Само действие строится как череда монологов: каждая из героинь в какой-то момент выходит на авансцену и шепчет — говорит — пропевает, а иногда откровенно изрыгает или воплем исторгает из себя череду невозможно страшных слов о насилии и предполагаемой кончине.

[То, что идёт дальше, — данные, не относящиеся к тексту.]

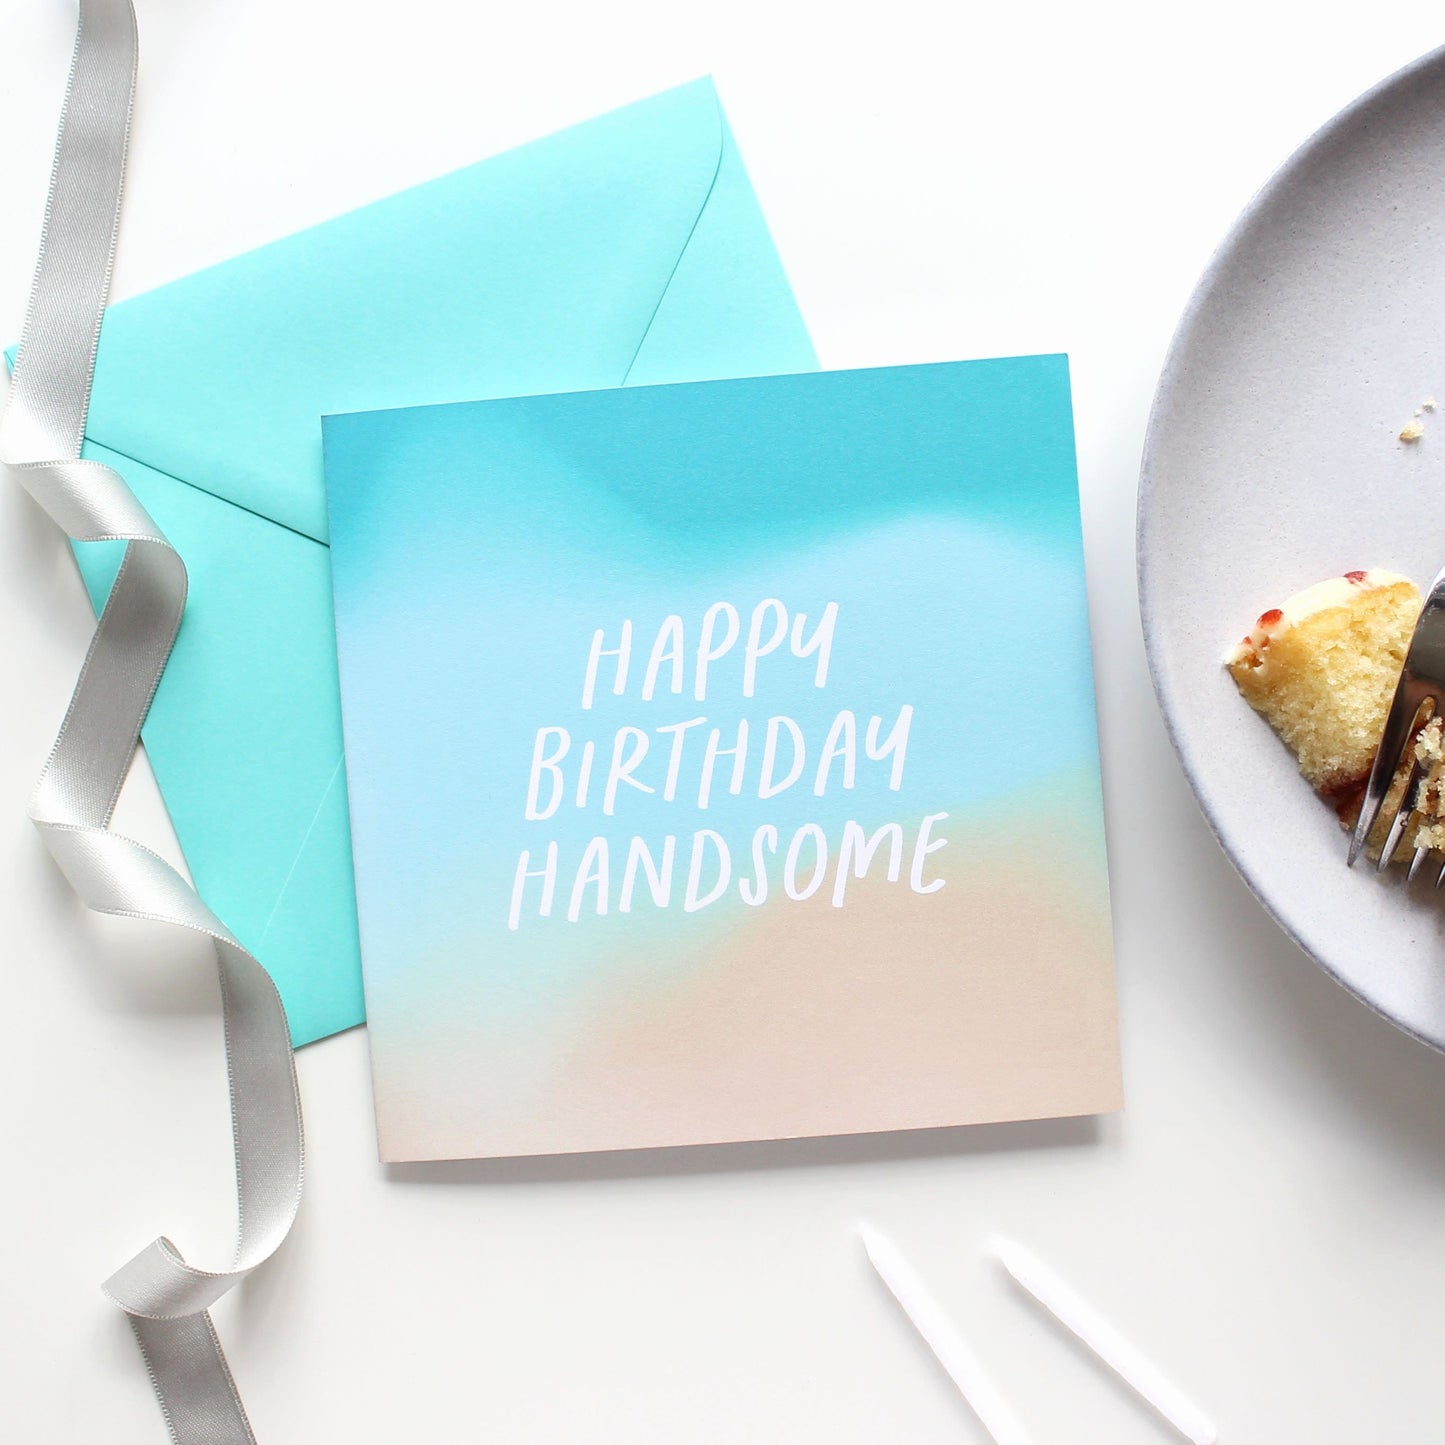 Happy birthday handsome birthday card from Purple Tree Designs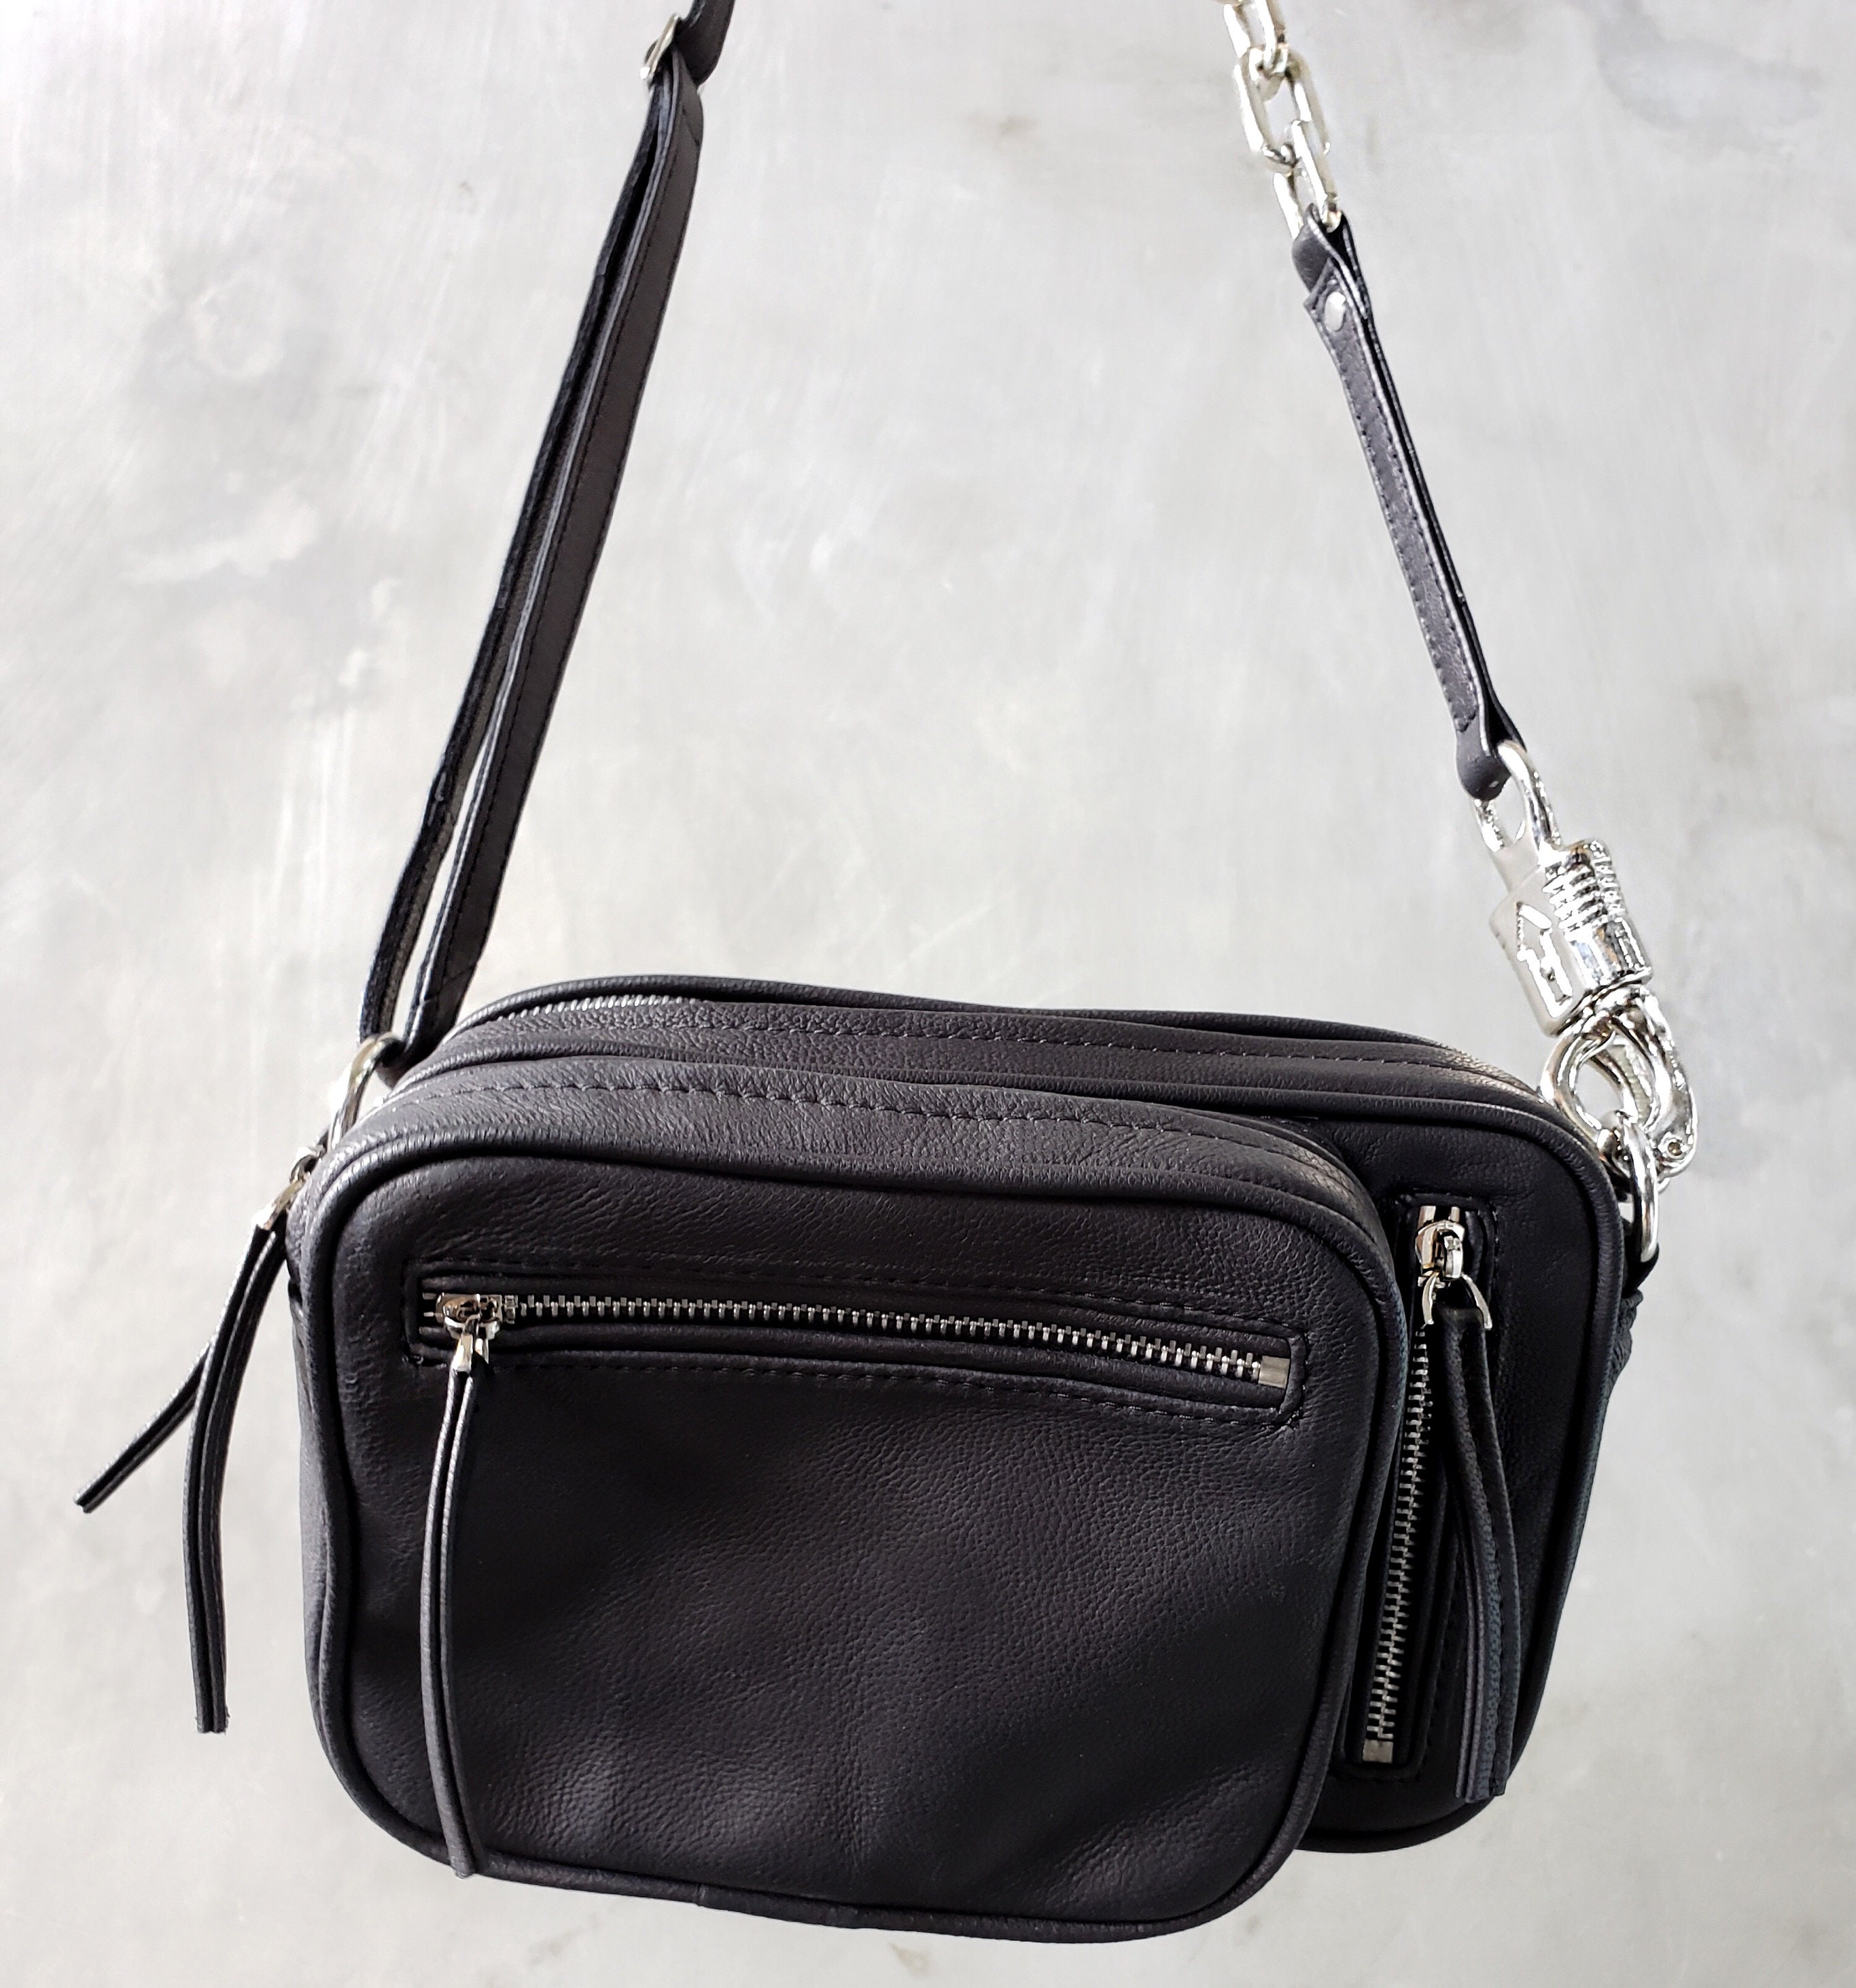 The Panic Bag Convertible Black Leather Shoulder Bag w/ | Etsy

Елена, Гекуба, Андромаха и Кассандра, обряженные в охристого оттенка одеяния — сверху тугой, прочный, точно панцирь, корсет, а снизу — полупрозрачные либо подолы, либо брюки, — вызывают ощущение неприступности, сверхпрочности, ничем не подавляемой живучести и в то же время — нежности и хрупкости. В начале есть сцена, когда все они, друг за другом, покидают свое убежище, расположенное в уголке сцены, где, прижавшись плечом к плечу, ожидали расправы, и располагаются на площадке так, что образуют диагональ, берущую начало в том самом цветке орхидеи. Лежа одна за другой, героини напоминают опавшие, увядшие, поблекшие лепестки этого некогда возвышавшегося над ними злато-солнечного растения.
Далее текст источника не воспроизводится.